The idea started when Kyaw — a graduate student in the departments of Architecture and Electrical Engineering and Computer Science — took Professor Neil Gershenfeld’s course, “How to Make Almost Anything.” In that class, he built the speech-to-reality system. He continued working on the project at the MIT Center for Bits and Atoms (CBA), directed by Gershenfeld, collaborating with graduate students Se Hwan Jeon of the Department of Mechanical Engineering and Miana Smith of CBA.

The speech-to-reality system begins with speech recognition that processes the user’s request using a large language model, followed by 3D generative AI that creates a digital mesh representation of the object, and a voxelization algorithm that breaks down the 3D mesh into assembly components.

After that, geometric processing modifies the AI-generated assembly to account for fabrication and physical constraints associated with the real world, such as the number of components, overhangs, and connectivity of the geometry. This is followed by creation of a feasible assembly sequence and automated path planning for the robotic arm to assemble physical objects from user prompts.

By leveraging natural language, the system makes design and manufacturing more accessible to people without expertise in 3D modeling or robotic programming. And, unlike 3D printing, which can take hours or days, this system builds within minutes.

“This project is an interface between humans, AI, and robots to co-create the world around us,” Kyaw says. “Imagine a scenario where you say ‘I want a chair,’ and within five minutes a physical chair materializes in front of you.”

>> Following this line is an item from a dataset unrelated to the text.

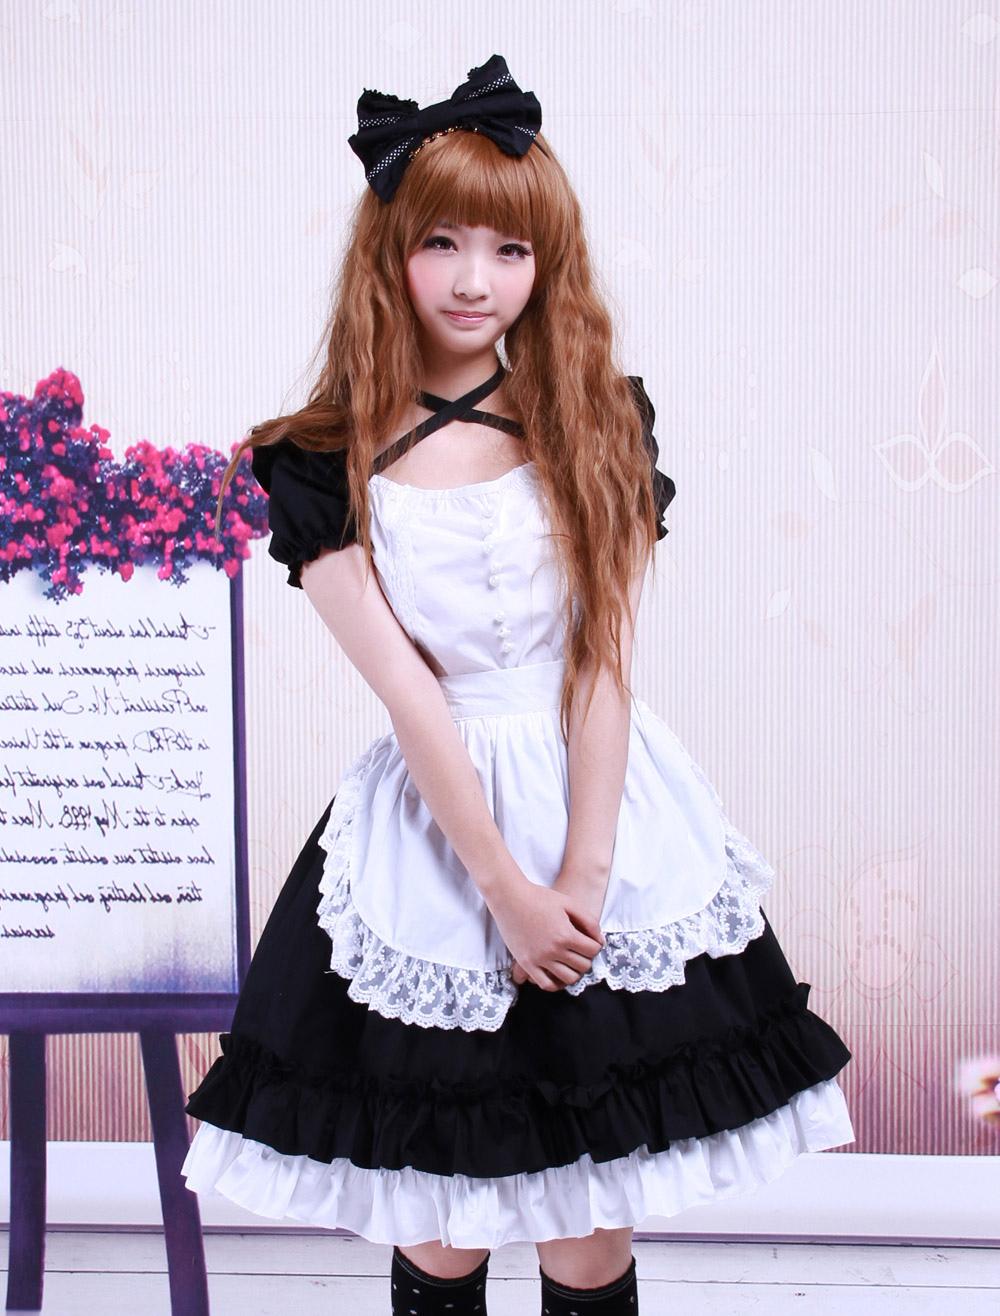 White apron lace trim - Lolitashow Sweet Black Cotton Maid Lolita One Piece White Apron Short Sleeves Lace Trim Lolitashow Com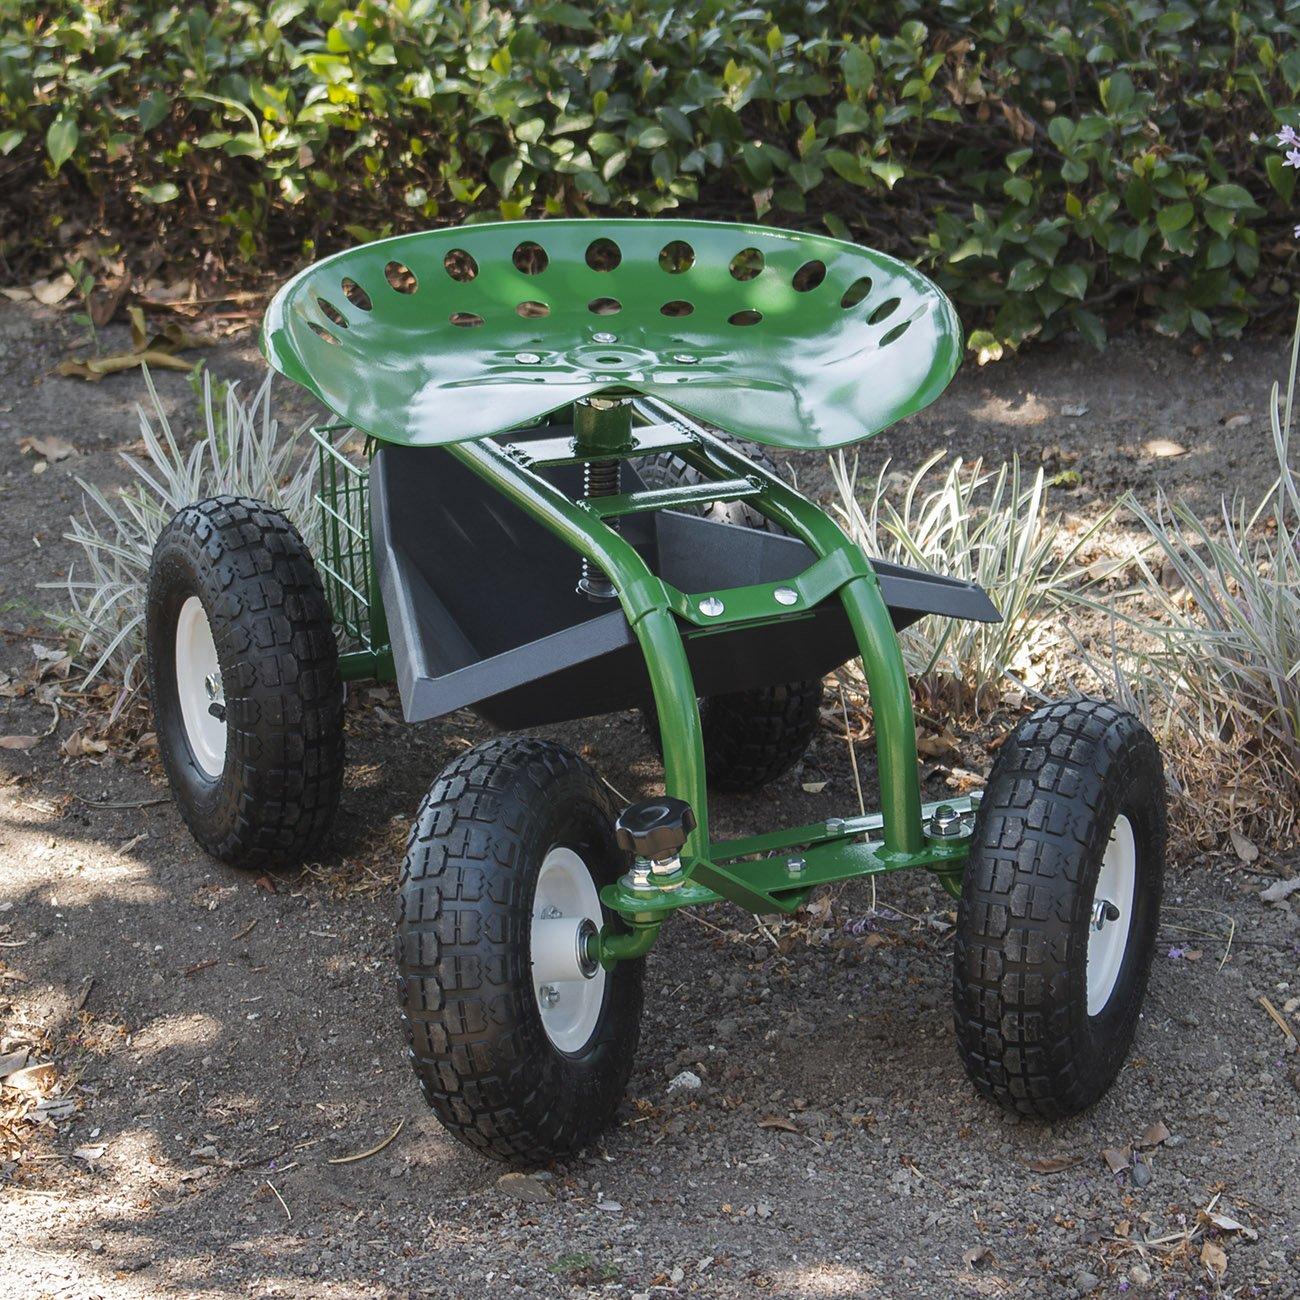 ARKSEN Rolling Garden Cart Backyard Adjustable Seat Swivel, Basket w/ Steering Handle Green

The team has immediate plans to improve the weight-bearing capability of the furniture by changing the means of connecting the cubes from magnets to more robust connections. 

“We’ve also developed pipelines for converting voxel structures into feasible assembly sequences for small, distributed mobile robots, which could help translate this work to structures at any size scale,” Smith says.

The purpose of using modular components is to eliminate the waste that goes into making physical objects by disassembling and then reassembling them into something different, for instance turning a sofa into a bed when you no longer need the sofa.

Because Kyaw also has experience using gesture recognition and augmented reality to interact with robots in the fabrication process, he is currently working on incorporating both speech and gestural control into the speech-to-reality system.

Leaning into his memories of the replicator in the “Star Trek” franchise and the robots in the animated film “Big Hero 6,” Kyaw explains his vision.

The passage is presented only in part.